Excerpted records
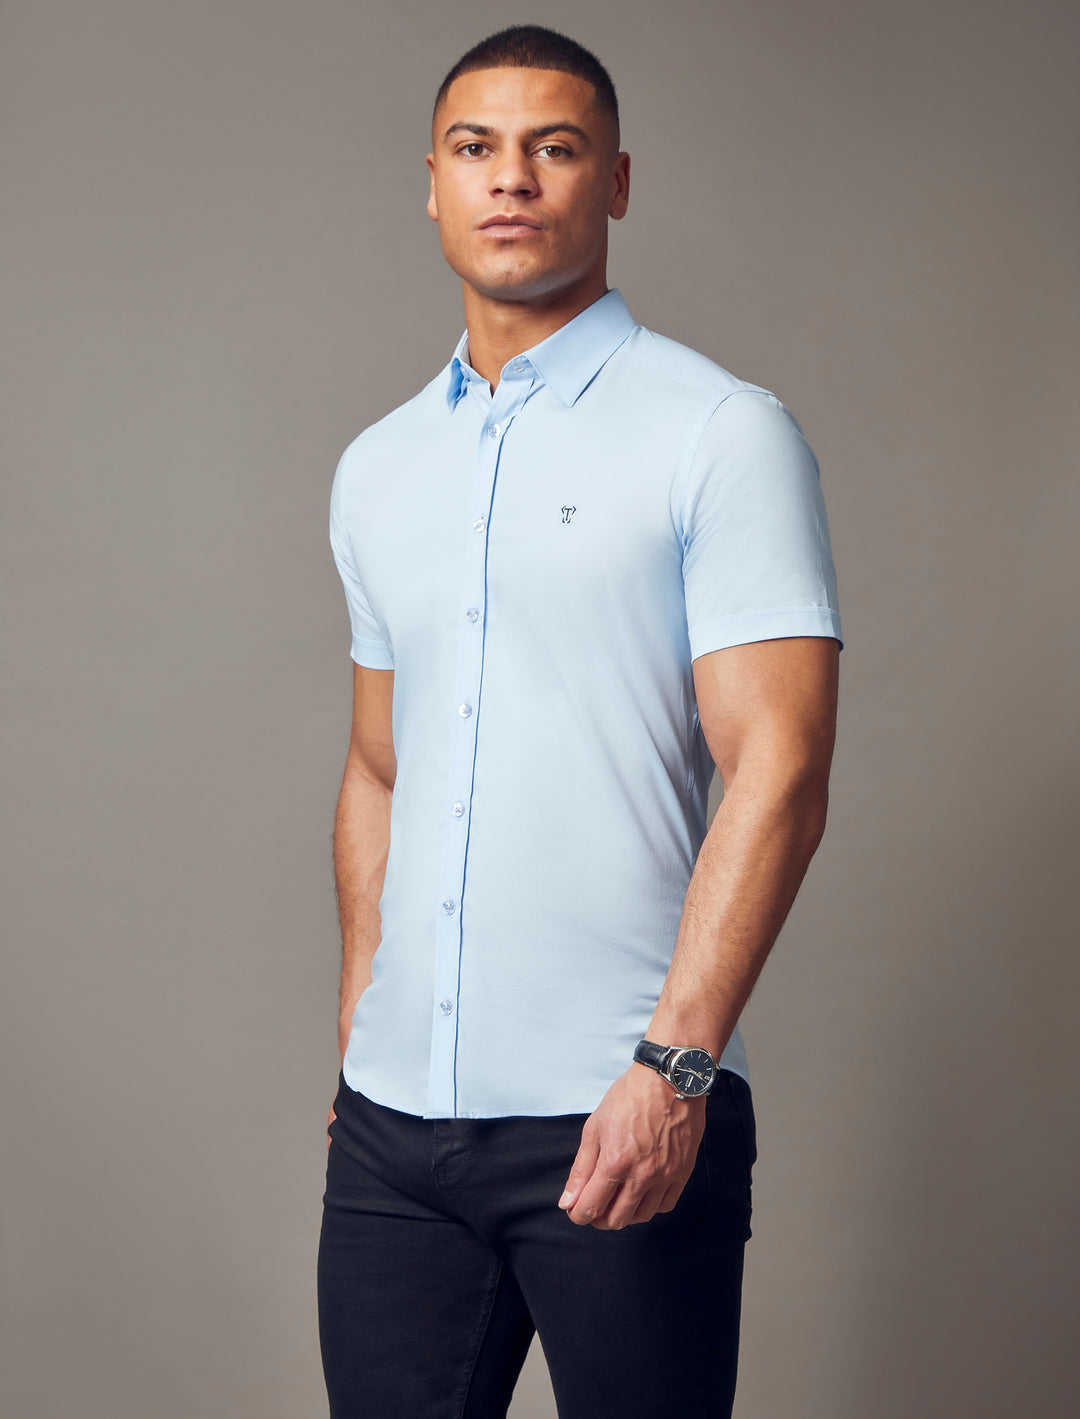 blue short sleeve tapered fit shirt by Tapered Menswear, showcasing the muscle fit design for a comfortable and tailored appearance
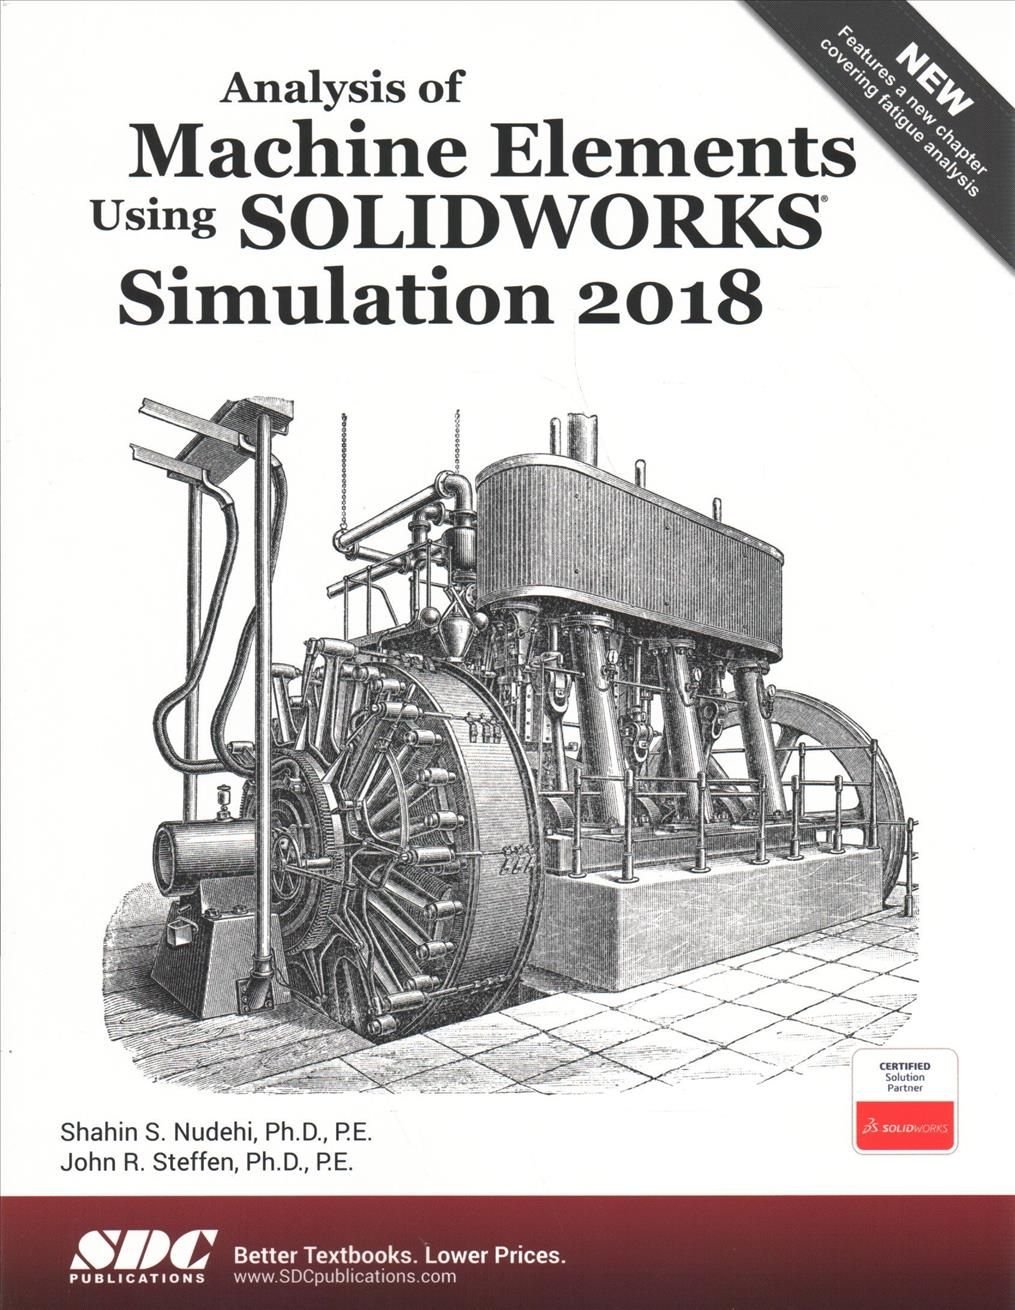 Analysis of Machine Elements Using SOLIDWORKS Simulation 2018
---
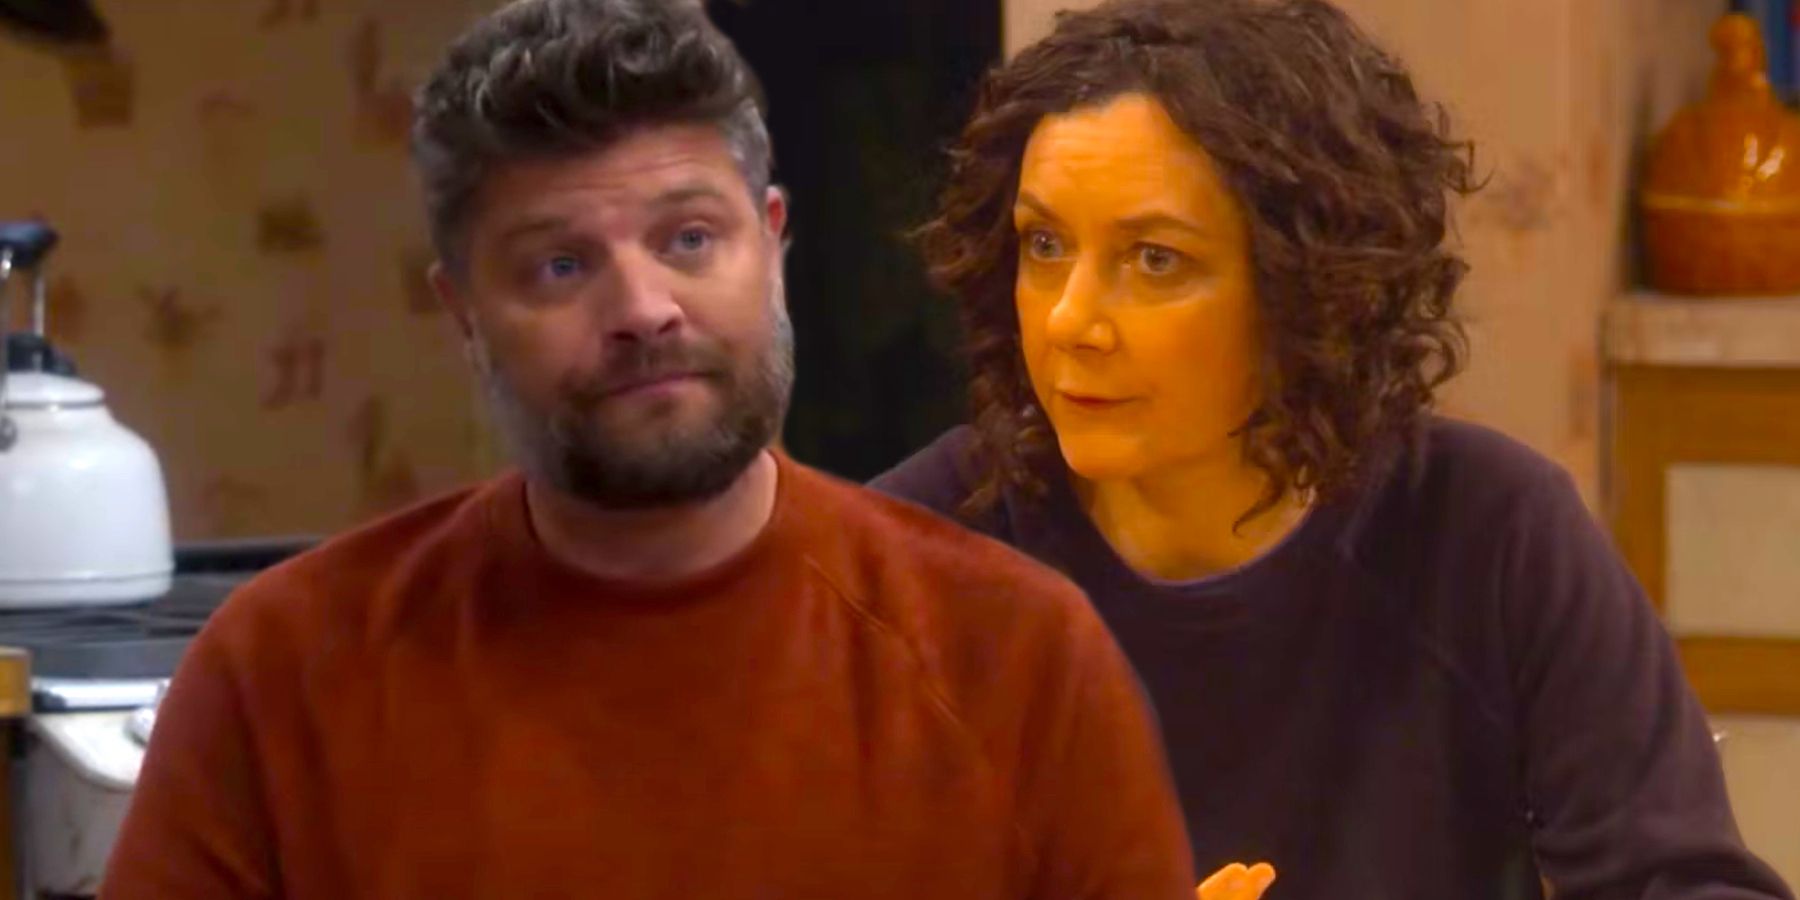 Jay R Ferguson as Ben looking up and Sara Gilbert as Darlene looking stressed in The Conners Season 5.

What you will do
Copy word for word the span of the records above that begins at the line with "blue short sleeve" and ends at the line with "Analysis of Machine", including those two lines but not the pictures.

Exercise answer
 blue short sleeve tapered fit shirt by Tapered Menswear, showcasing the muscle fit design for a comfortable and tailored appearance
 Analysis of Machine Elements Using SOLIDWORKS Simulation 2018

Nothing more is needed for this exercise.